Emergency room physicians are trying to figure out what is optimal to offer back pain patients who visit the ER for help. It is a quandry for them, particularly since almost 3 million such patients with undifferentiated musculoskeletal low back pain go to the emergency room for help annually! (1) Unless there is cauda equina syndrome demanding surgery or an infection, pain is the issue. How best can a Millville ER doc help? How can an ER doctor provide higher value care? (2) Imaging and medication. What can the Millville chiropractic back pain specialist provide? Spinal manipulation and nutrients. Chiropractic has published about successfully managing back pain.

EMERGENCY ROOM: IMAGING

The ER does lots of imaging. One in 3 patients who visit the emergency department for back pain (compared to 1 in 4 who seek care from a primary care physician) has imaging performed: simple imaging 26%, complex imaging 8.2%. (3) Today’s imaging recommendations don’t support this as they recommend holding off on imaging for 4-6 weeks of conservative care before imaging. (4) Maybe patients are telling ER doctors that they have been using such care already? Probably not as only 34% of patients who visit an ER share with the emergency department physician that they get healthcare options like chiropractors, massage therapy, acupuncture and the like. (5) What about the pain?

EMERGENCY ROOM: MEDICATIONS

Relief for the pain is what they focus on. Researchers have looked at all sorts of pain medication combinations ER doctors have prescribed to see what works best. What have they discovered? Stronger pain medication options don’t offer much of a difference. Adding baclofen, metaxalone, or tizanidine to ibuprofen doesn’t seem to improve function or pain any more than placebo plus ibuprofen within a week after an ED visit for acute low back pain. (6,7) Mixing ibuprofen and acetaminophen did not reduce pain scores or the need for other analgesic pain meds compared with either ibuprofen or acetaminophen alone for emergency room patients with acute musculoskeletal injuries. (8) As a matter of fact, 48% of back pain patients who go to an emergency room for their back pain still had functional impairment 3 months later as well as 42% reported moderate or severe pain. 46% say they’ve used some type of analgesic pain reliever in the day prior.

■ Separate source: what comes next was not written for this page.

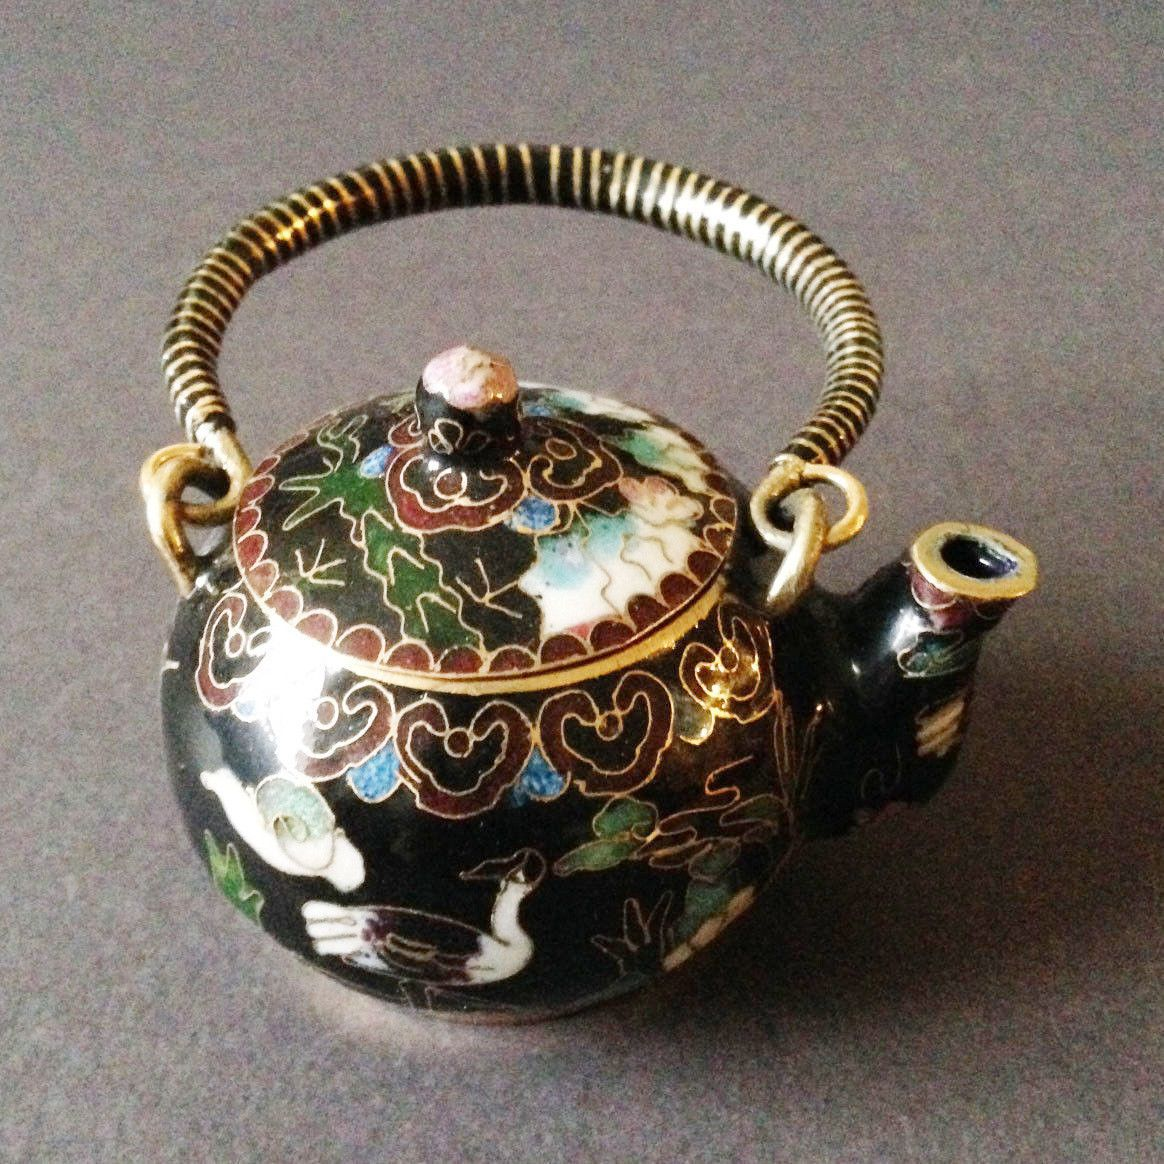 Chinese Vintage Cloisonne Tea Pot Teapot Bronze Brass Copper Enamel Handmade Blk | eBay

There are short and long-term problems for ER patients with low back pain. (1) This might be frustrating for emergency department physicians and their patients but not typically for chiropractors and their chiropractic back pain patients. The Millville chiropractic back pain specialist at Wilson Family Chiropractic is prepared with the best of chiropractic care for Millville back pain relief.

CHIROPRACTIC: MANIPULATION AND NUTRIENTS

Your Millville chiropractor gets it. Skill with chiropractic spinal manipulation via The Cox® Technic System of Spinal Pain Management with the addition of nutrition like chondroitin sulfate, glucosamine sulfate and curcurmin and turmeric supports your Millville chiropractor’s confidence that back pain relief and management for many otherwise frustrated Millville back pain patients is possible.

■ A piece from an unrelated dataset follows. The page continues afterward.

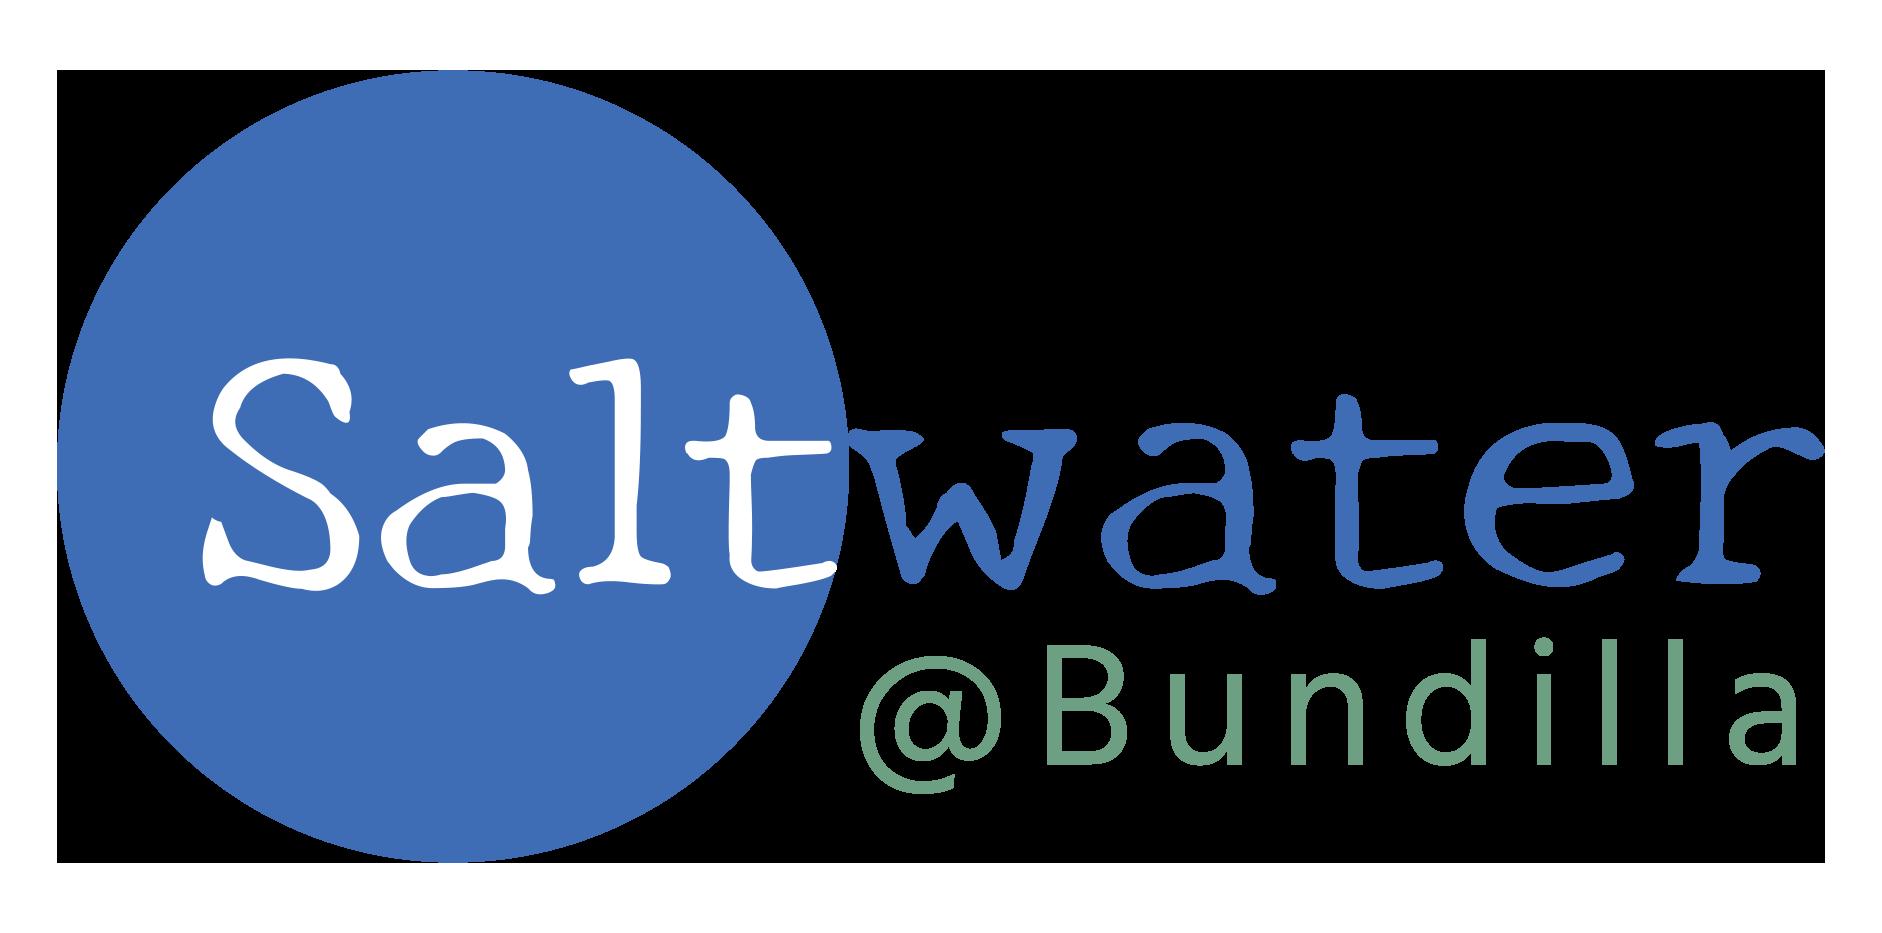 Saltwater @ Bundilla

Listen to this PODCAST with Dr. Michael Schneider on The Back Doctors Podcast with Dr. Michael Johnson who describes the goal of the primary spine physician who would be the physician to seek out for back pain issues.

CONTACT Wilson Family Chiropractic

Schedule a Millville chiropractic appointment with Wilson Family Chiropractic especially if an emergency department trip hasn’t resulted in the pain relief you hoped. Millville chiropractic care has figured out a well-documented and researched way to manage back pain.

	Wilson Family Chiropractic invites Millville back pain patients to the clinic instead of the emergency room for pain meds whenever possible.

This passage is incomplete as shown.